Basic classification using the SparseCVIGaussianProcess model

This notebook explains how to perform GP inference using the Markovflow CVIGaussianProcess model. Here, we perform binary classification with time as the input.

As with GPR, the observations do not have to be regularly spaced. However, they do need to be sequential. We denote the input/output tuples as \((x_i, y_i)_{1 \leq i \leq n}\), where \(x_i\) is a scalar value and \(y_i \in \{0, 1\}\).

Our probabilistic model for this data is:

\[\begin{split}\begin{align} f \sim \mathcal{GP}(0, k(., .)) \\ y_i \sim \mathcal{B}(\Phi(f(x_i))) \end{align}\end{split}\]

where \(\Phi\) is a function that maps \(f(x_i)\) to \([0, 1]\), the probability that \(y_i=1\). In practice, we choose \(\Phi\) to be the standard normal cumulative distribution function (also known as the probit function) which maps to \([0, 1]\).
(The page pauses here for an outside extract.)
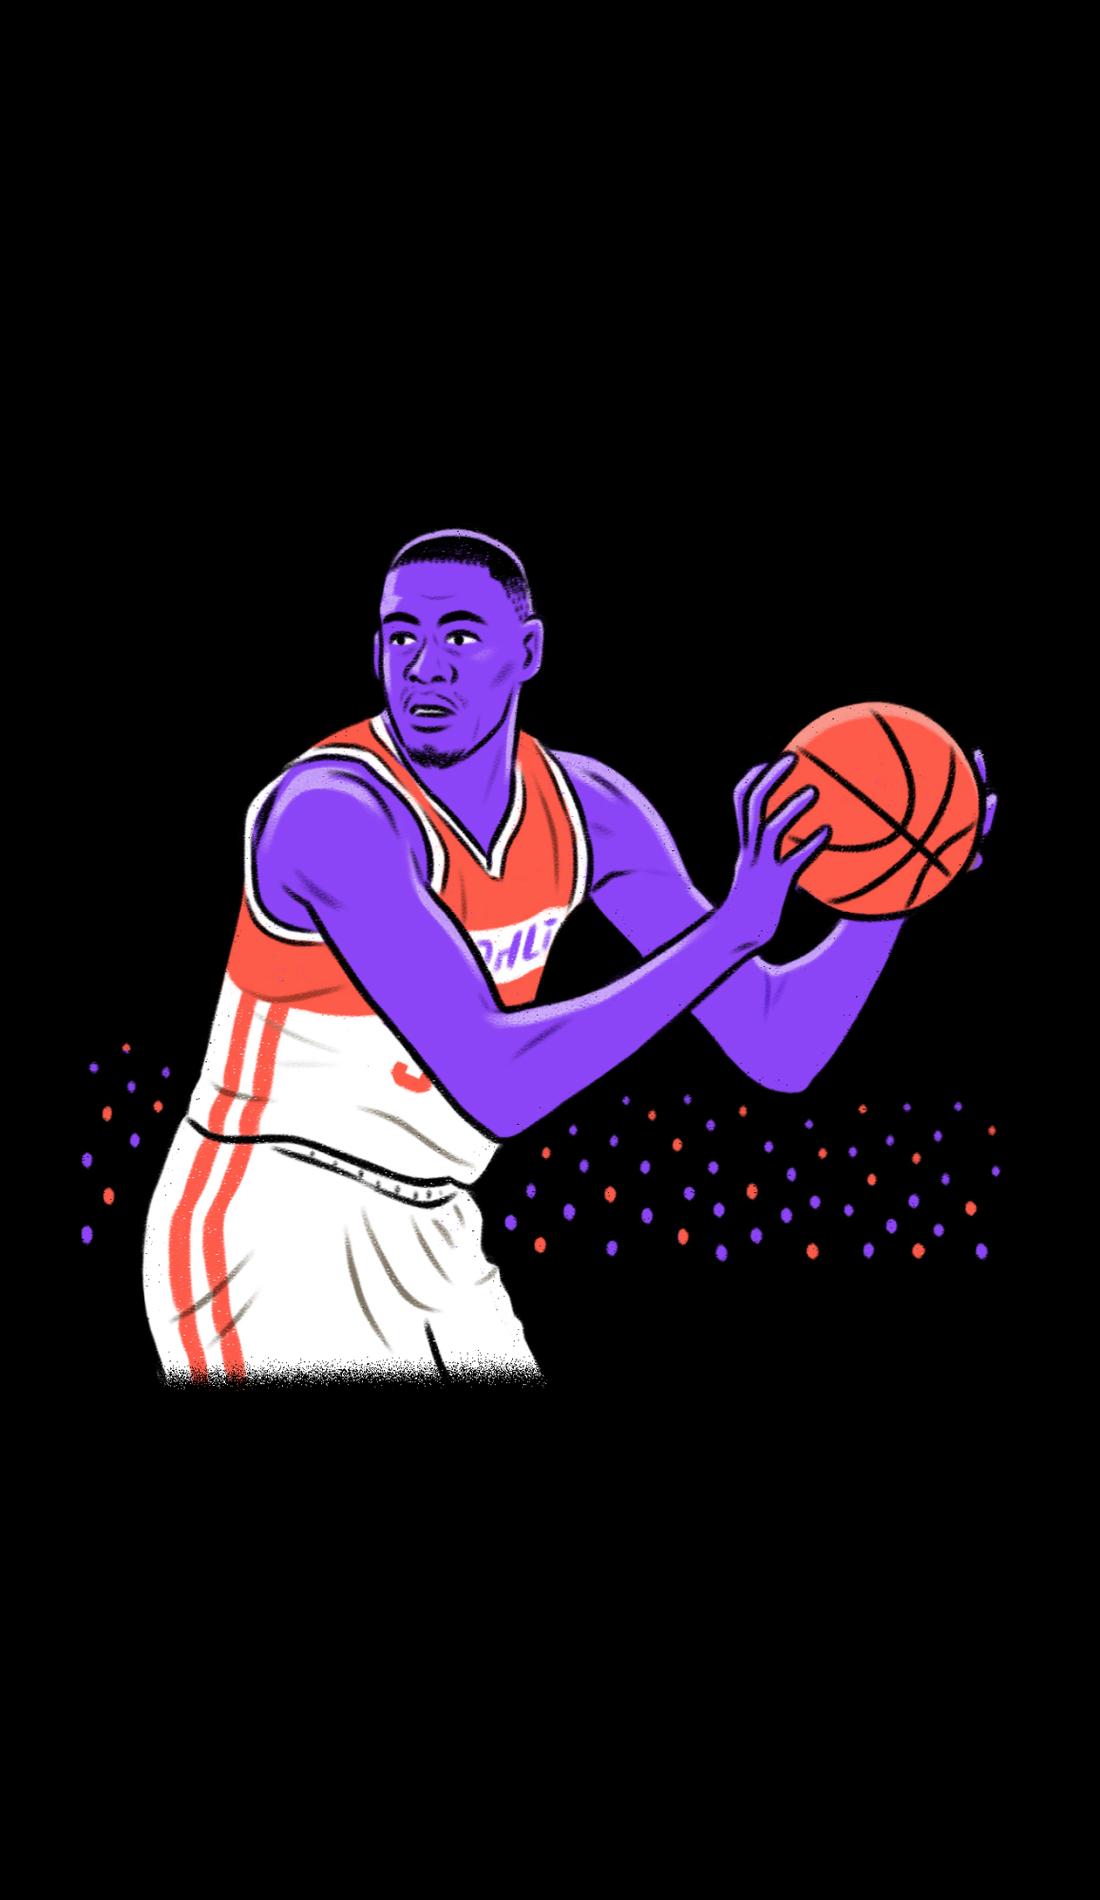 A Arkansas Razorbacks Basketball live event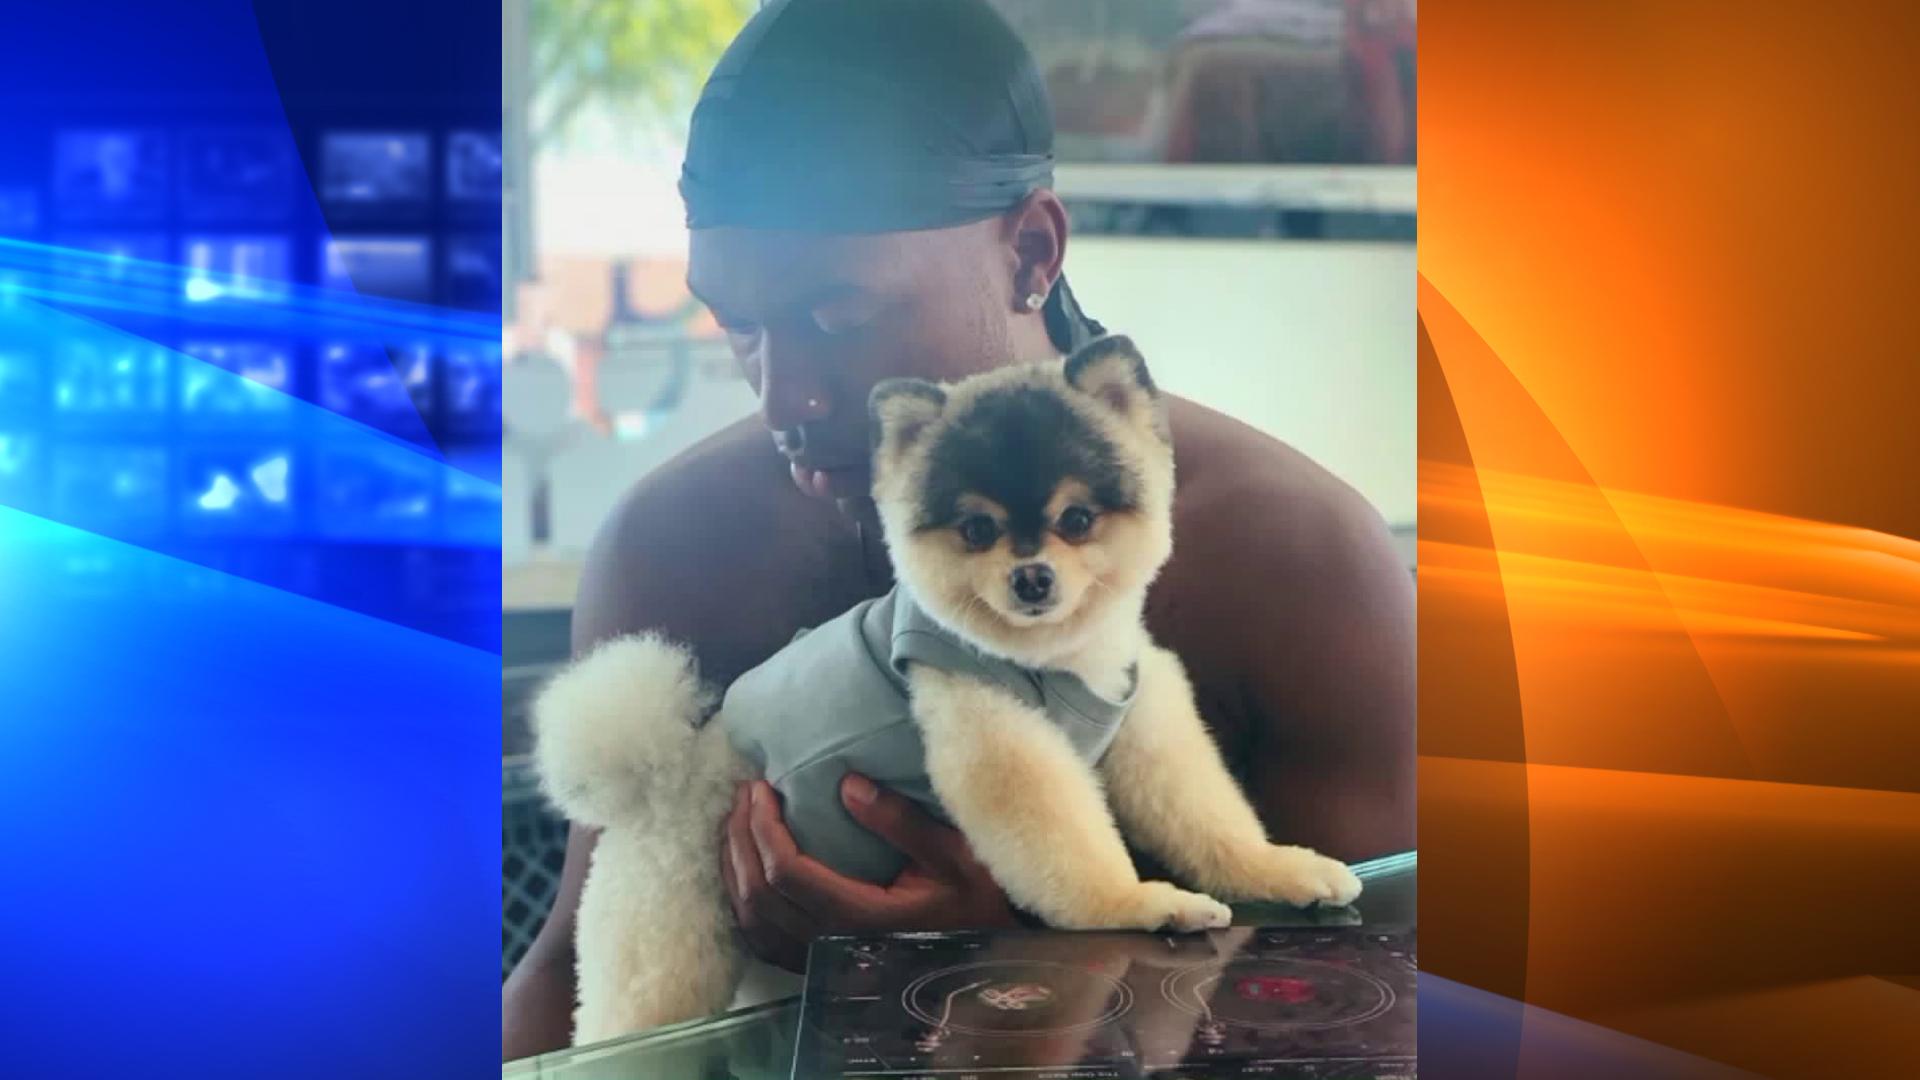 A photo of Daniel Sturridge and his dog Lucci.

NOTE: If you have difficulty running this notebook, consider clearing the output and then restarting the kernel.

[1]:
# Setup

import warnings

# Turn off warnings
warnings.simplefilter('ignore')


import matplotlib.pyplot as plt
import numpy as np
import tensorflow as tf

from gpflow import default_float
from gpflow.ci_utils import ci_niter
from gpflow.likelihoods import Bernoulli

from markovflow.models.sparse_variational_cvi import SparseCVIGaussianProcess
from markovflow.kernels import Matern52


np.random.seed(0)
FLOAT_TYPE = default_float()

# uncomment in notebook
# try:
#     from IPython import get_ipython
#     get_ipython().run_line_magic('matplotlib', 'inline')
# except AttributeError:
#     print('Magic function can only be used in IPython environment')
#     matplotlib.use('Agg')

plt.rcParams["figure.figsize"] = [15, 8]
2022-09-17 14:52:21.261693: W tensorflow/stream_executor/platform/default/dso_loader.cc:60] Could not load dynamic library 'libcudart.so.11.0'; dlerror: libcudart.so.11.0: cannot open shared object file: No such file or directory; LD_LIBRARY_PATH: /opt/hostedtoolcache/Python/3.7.13/x64/lib
2022-09-17 14:52:21.261726: I tensorflow/stream_executor/cuda/cudart_stub.cc:29] Ignore above cudart dlerror if you do not have a GPU set up on your machine.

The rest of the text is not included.